No. Like I said, it's a great program for the stream. But, for future projects, I believe that _public_ dollars should NOT be spent on _private_ rivers and streams.

I'm willing to bet a majority of tax paying anglers would agree with me.


----------



## PBH (Nov 7, 2007)

Pez Gallo said:


> No. Like I said, it's a great program for the stream. But, for future projects, I believe that _public_ dollars should NOT be spent on _private_ rivers and streams.
> 
> I'm willing to bet a majority of tax paying anglers would agree with me.


In all cases?

What about cases where native species might actually benefit from habitat improvement on private land using public money? Couldn't one make a case that by keeping the general public off the private land through which the public stream flows, the native species might thrive?

Take a look at the Boulder Creek native cutthroat project. Would you really want this project shut down because 1 of the 7 proposed miles flows through private land? Not me. The benefit (native trout restoration) certainly out-weighs the drawback of limited public access.

Blankets are not the solution. We can't simply look at private vs. public land. Each case should be looked at and evaluated to determine whether or not the access is the most important detail.


----------



## Pez Gallo (Dec 27, 2007)

Nope. Wouldn't spend money on ANY private water. It just makes a loop hole private land owners in the future.

Let the land owners foot the cost. Make them be responsible for what happens on "their" waters. If they let fish go extinct on their waters, they should be responsible. It happened on their land after all, right?


----------



## PBH (Nov 7, 2007)

I couldn't disagree more.
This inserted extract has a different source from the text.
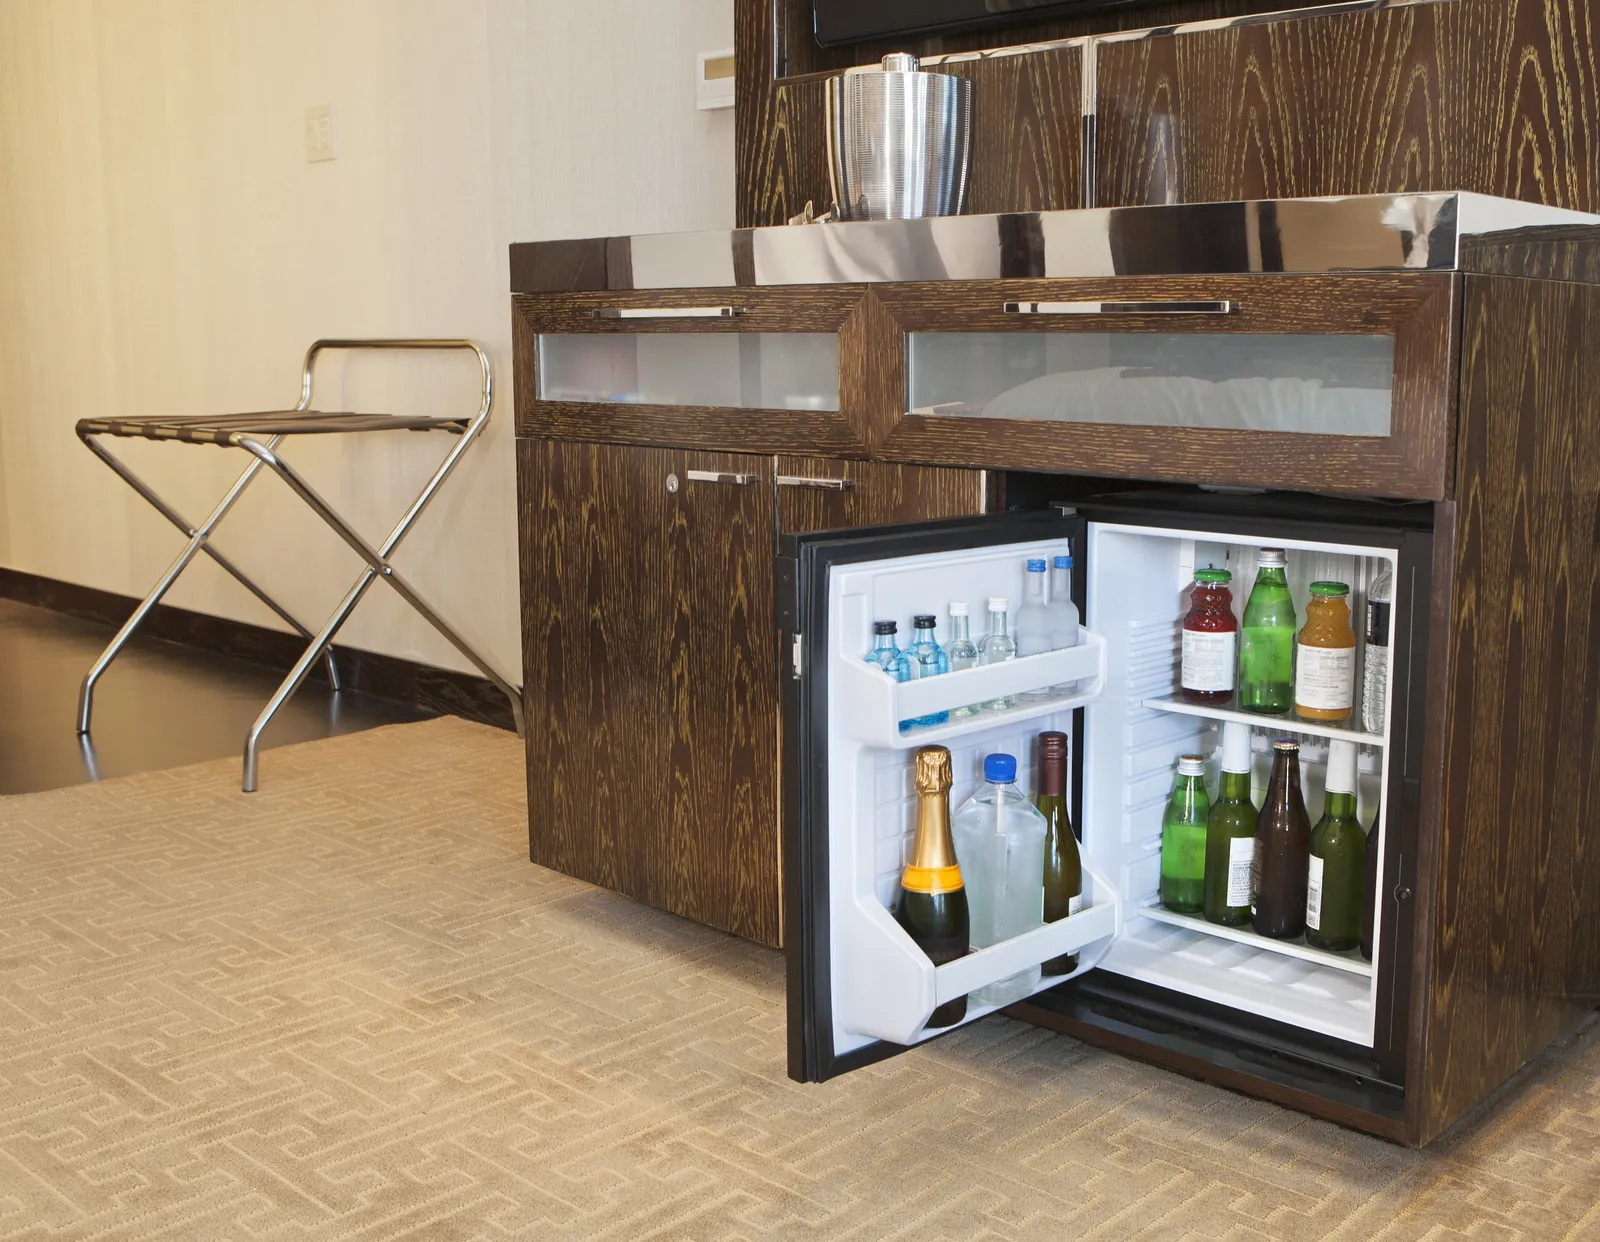 Hotel Minibars Try to Make a Comeback With Better Design and Local

I'm for helping native fish, regardless of whose land they might be on.


It happened on their land? No! That's the funny thing with streams and rivers. They move in and out of public and private land. Fish don't know boundaries. They just swim. So, private or public, we still have a responsibility of protecting our native fish. 

You need to be careful for what you ask for...


----------



## Pez Gallo (Dec 27, 2007)

PBH said:


> You need to be careful for what you ask for...


private land owners have demanded private access to the rivers and streams. They should be responsible for what happens on their property, including protecting the wildlife on it. They have asked for it, lets give it to them. If wildlife becomes harmed because of their negligence, then they should be fined, sued, held responsible.

If they open up the access, I'd be open for funding any and all programs that help the habitat and releasing them from their responsibility.


----------



## PBH (Nov 7, 2007)

So, suppose native cutthroat trout are listed under the Threatened and Endangered species act, an action that possibly could have been prevented if restoration work was done on a 1 mile section of private river? then, the whole state is punished?

Sounds crazy to me. But, I guess I'm in your minority.

Don't confuse the issues. Access vs. being a good steward.


----------



## Pez Gallo (Dec 27, 2007)

the dwr has told us about the miles and miles of rivers and streams that are open to the public for use in national forests and parks. All of those miles of streams can hold these trout that may be endangered. 

As for me, I refuse to aquiesce to those who request tax dollars for private streams and rivers.

The whole river access crap has left some deep scars, and I have very little remorse for not improving habitat on private waters.


----------



## 280Remington (Jun 2, 2008)

I have to agree with Pez Gallo, regardless of the importance of the project if it flows over private land, public dollars shouldn't be used. Its that simple. If the private interests want to grant fishing access to last until infinity then that is a different matter. Also have to agree that the term Ribbon is used too loosely.


----------



## Catherder (Aug 2, 2008)

Good discussion. A few additional points.

1.


fishnate said:


> You guys seem to not want any access if you can't have it all


You are entitled to your opinion about Conatser/HB141, but the question of paying PUBLIC money to pay for projects on waters that have been rendered off limits to the public by an act of law is a very legitimate one, and is what was discussed here. The courts will settle the HB141 issue, but in the meantime we will have to decide where our limited conservation dollars go. It never ceases to amaze me how many so called arch conservative landowners are eager to step up and feed at the public trough.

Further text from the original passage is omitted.